Bewohner mit Depressionen, Schizophrenie oder Angstkrankheiten bräuchten eigentlich viel mehr Gespräche, ruhige Gespräche. Doch bis auf die demenzkranken Bewohner, für die es jetzt einen Pflegegrad gibt, ist sowas so gut wie nicht drin.Anja Gärtner, Altenpflegefachkraft
Es fehlt einfach an Manpower. Die den Fachkräften zur Seite gestellten Bereichsassistenten sind eine gut gemeinte Zwischenlösung. Doch da diese nicht am Patienten arbeiten dürfen („nicht einmal eine Begleitung zur Toilette ist erlaubt“), bleiben für sie lediglich Aufgabenfelder wie beispielsweise Fahr- oder Telefondienste. Gärtner sieht eines der Schlüsselthemen in puncto Personalfragen buchstäblich im Schlüssel: im Personalschlüssel. Dieser wird angesetzt an den Pflegegraden, die eine Einrichtung hat. Anhand dessen wird ausgerechnet, wie viele Fachkräfte einer Einrichtung zustehen. „Was hier zu einem Ungleichgewicht führt: Die Bewohner mit einem niedrigeren Pflegegrad haben im Grunde weniger Anspruch auf uns Fachkräfte als jene mit Pflegegrad 4 oder 5, sind aber die, die am häufigsten klingeln. Da reicht es schon, wenn der Vorhang nicht gerade hängt oder ein Stück Zucker schief auf dem Tisch liegt. So bleibt im Alltag oft zu wenig Zeit für jene, deren Anspruch auf Fachpersonal nicht ohne Grund höher ist“, berichtet Gärtner. Leider wird überhaupt nicht berücksichtigt, dass die niedrigeren Pflegegrade oft die zeitintensivsten sind. Die Folge des Personalschlüssels: In der Altenpflege gibt es zu wenige Kräfte für zu viele, teils schwer pflegebedürftige Bewohner. Doch die Altenpflege hat noch mit einem anderen Problem zu kämpfen: ihrem Image.
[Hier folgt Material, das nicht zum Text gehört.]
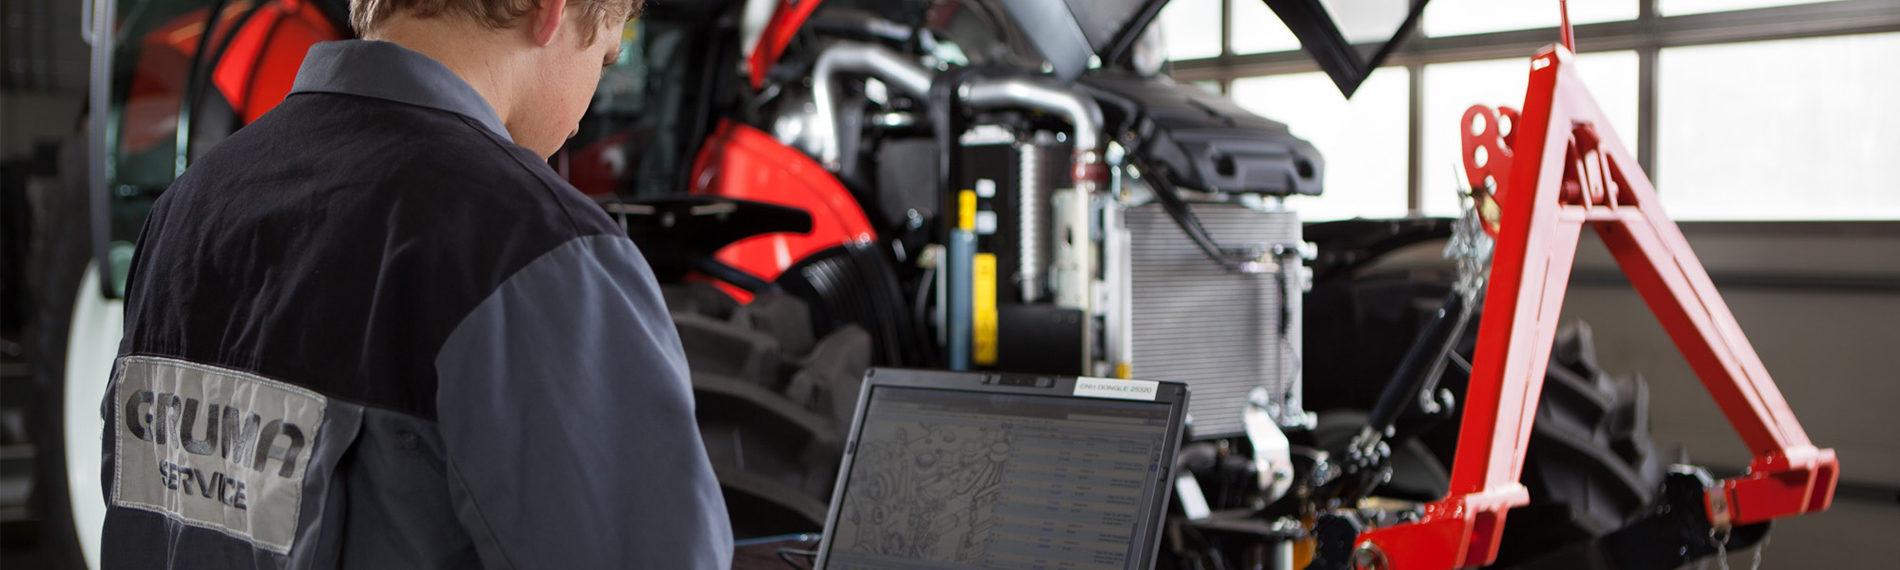 traktor reparatur mit laptop

Auch wir führen Sauerstoffversorgungen, Sondenernährung oder große Wundversorgung durch. Doch dass unser Beruf sehr anspruchsvoll ist, das wird oft nicht gesehen.
Anja Gärtner, Altenpflegefachkraft
Wenig zuträglich ist es da, dass jüngst im Rahmen der neuen Gesetzgebung das Prüfungsniveau für die Altenpflege abgesenkt wurde. Und das obwohl sich der Großteil des potenziellen Nachwuchses aufgrund finanzieller Aspekte eher für eine Karriere als Krankenpfleger entscheidet.